Jörg Löffler und Stefan Willer, die 2006 in einer Anthologie deutschsprachiger „Geistlicher Lyrik“ mit Gedichten von Zehra Çirak und Zafer Şenocak auch zwei Beispieltexte von Autoren muslimischer Provenienz präsentierten, ließen offen, ob es „eine deutsch-islamische Dichtung geben wird“ (Löffler, Willer 2006: 226). Dagegen sprechen Georg Langenhorst und ich bewusst von einer neuen deutsch-muslimischen Literatur.Das herausfordernd Neue dieser eben erst entstehenden deutsch-muslimischen Literatur liegt darin, dass der Islam durch Deutsch schreibende Autorinnen und Autoren „mit biografischem Bezug“, ja, „in Teilhabe an und in der Auseinandersetzung mit“ muslimischer Religion und Kultur einen „Bezugsrahmen und Echoraum“ (Weidner 2019:12) erhält. In dieser mitten in Europa entstehenden Literatur überschneiden sich deutsche und muslimische Dimensionen, wobei nicht nur kulturelle, sondern auch religiöse Differenz auf höchst vielfältige Weise literarisch produktiv wird. Von einem „markanten ‚Muslim Turn‘“ (Yesilada 2011: 197) zu sprechen, scheint zwar reichlich übertrieben. Doch bilden Ethno-Etiketten wie deutsch-türkische Literatur oder generalisierende Inter- bzw. Transkulturalitätsmarker die durchaus unterschiedlichen Bezugnahmen auf Religiös-Spirituelles des Islam m.E. nicht hinreichend deutlich ab.

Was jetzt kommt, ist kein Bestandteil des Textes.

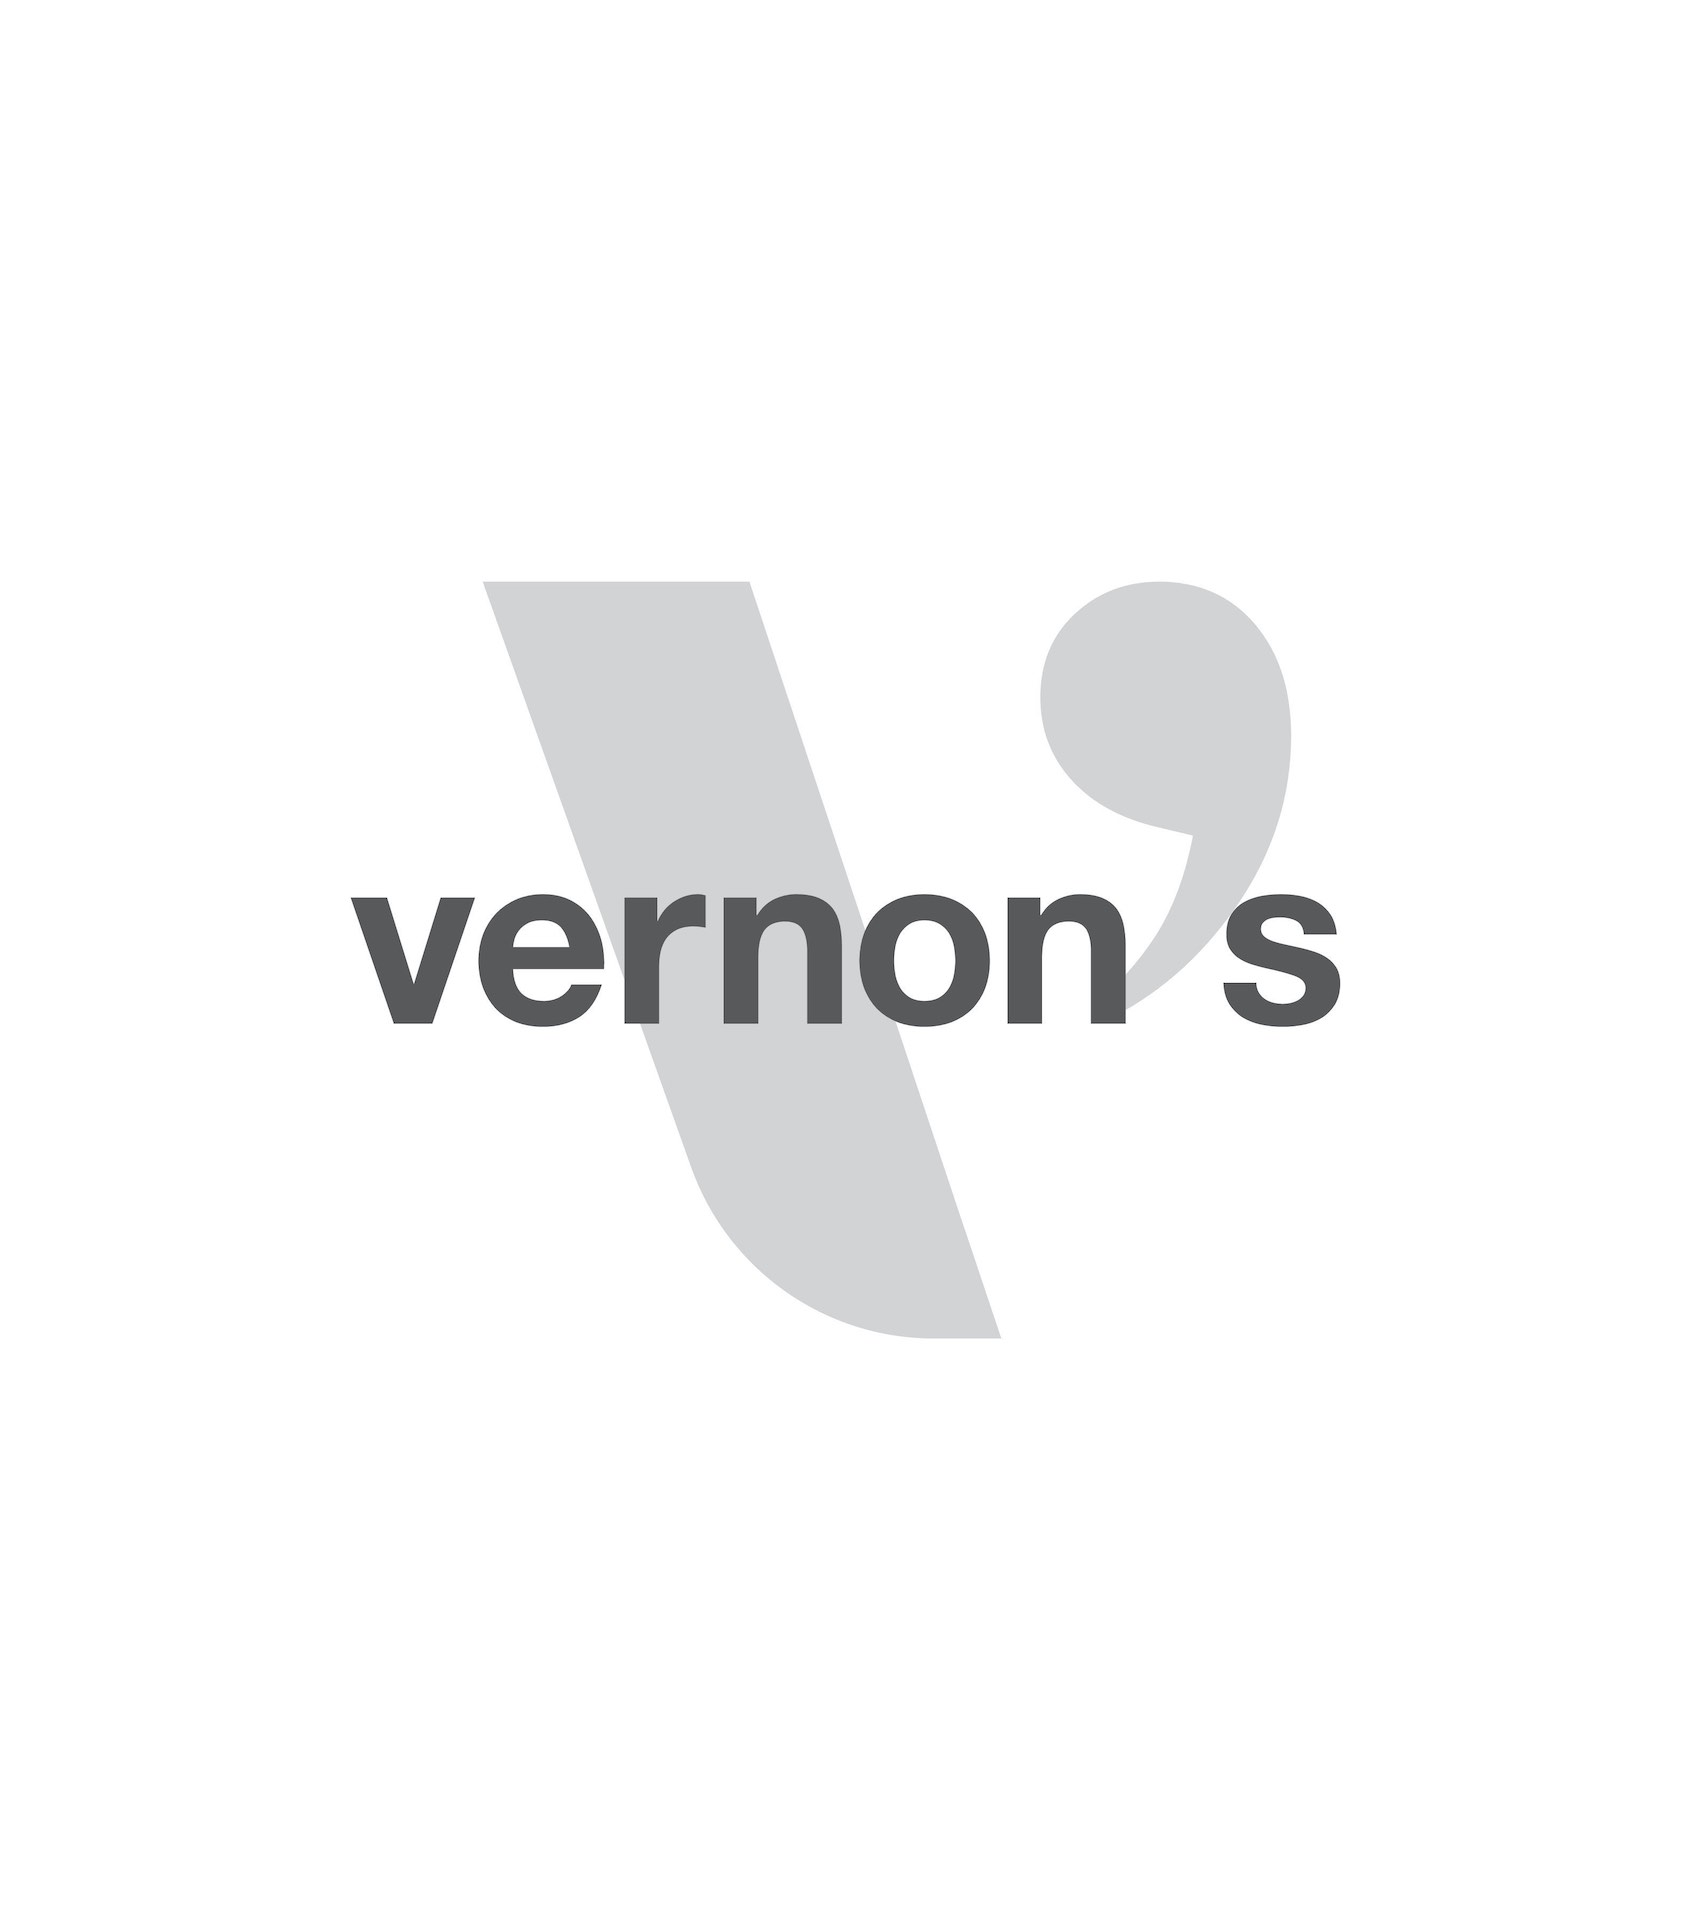 Vernons Pte. Ltd. company logo

Getragen von ganz unterschiedlicher innerer Zustimmung zum religiösen Glaubensgehalt dient Literatur hier als Medium, um Räume der gesellschaftlichen Zugehörigkeit bei gleichzeitiger religiös-kultureller Verschiedenheit auszuhandeln – sozialisiert „zwischen Koran und Kafka“ feiert Navid Kermani Hölderlin als „Sufi der deutschen Literatur“ (Kermani 2011: 181; vgl. Kermani 2014) und Feridun Zaimoğlu gibt postmigrantisch zu Protokoll, er wolle sichtbar machen, „dass die Nachkommen der Einwanderer weder aus einem Kanon der Ursprungsgesellschaft ihrer Eltern und Grosseltern noch nach den Maßstäben der deutschen Mehrheitsgesellschaft verstanden werden können“ (Tuschick 2000: 107).
Gerade durch die erinnernde Vergegenwärtigung gläubiger Eltern, Großeltern und Verwandten bringen sie Gegenbeispiele aufgeklärt-islamischer Religiosität jenseits von Säkularismus und Islamismus in den hiesigen Islam-Diskurs ein. Nicht wenige Schriftstellerinnen und Schriftsteller verbinden das literarische Erzählen gekonnt mit Essays, Reden und Vorträgen und erweitern so ihre Möglichkeiten, augenöffnende Gegensignale zu einseitig-verzerrten Bildern zeitgenössischen Muslimseins zu setzen und kritisch-aufklärerische Gegendiskurse zu klischeehaften Negativstereotypen des Islam zu eröffnen. Literatur fungiert hier „als privilegierter Ort der Reflexion über Diskurse des Eigenen und des Fremden“, wobei die „Diskussionen um den Islam als dem heimisch werdenden Fremden“ sowie das Verhältnis von Religion und Säkularität „das kulturelle Selbstverständnis der deutschen Mehrheitsgesellschaft“ und damit „auch die Diskussion um die deutsche und die christliche Identität beeinflussen“ (Hofmann, Stosch 2012: 9).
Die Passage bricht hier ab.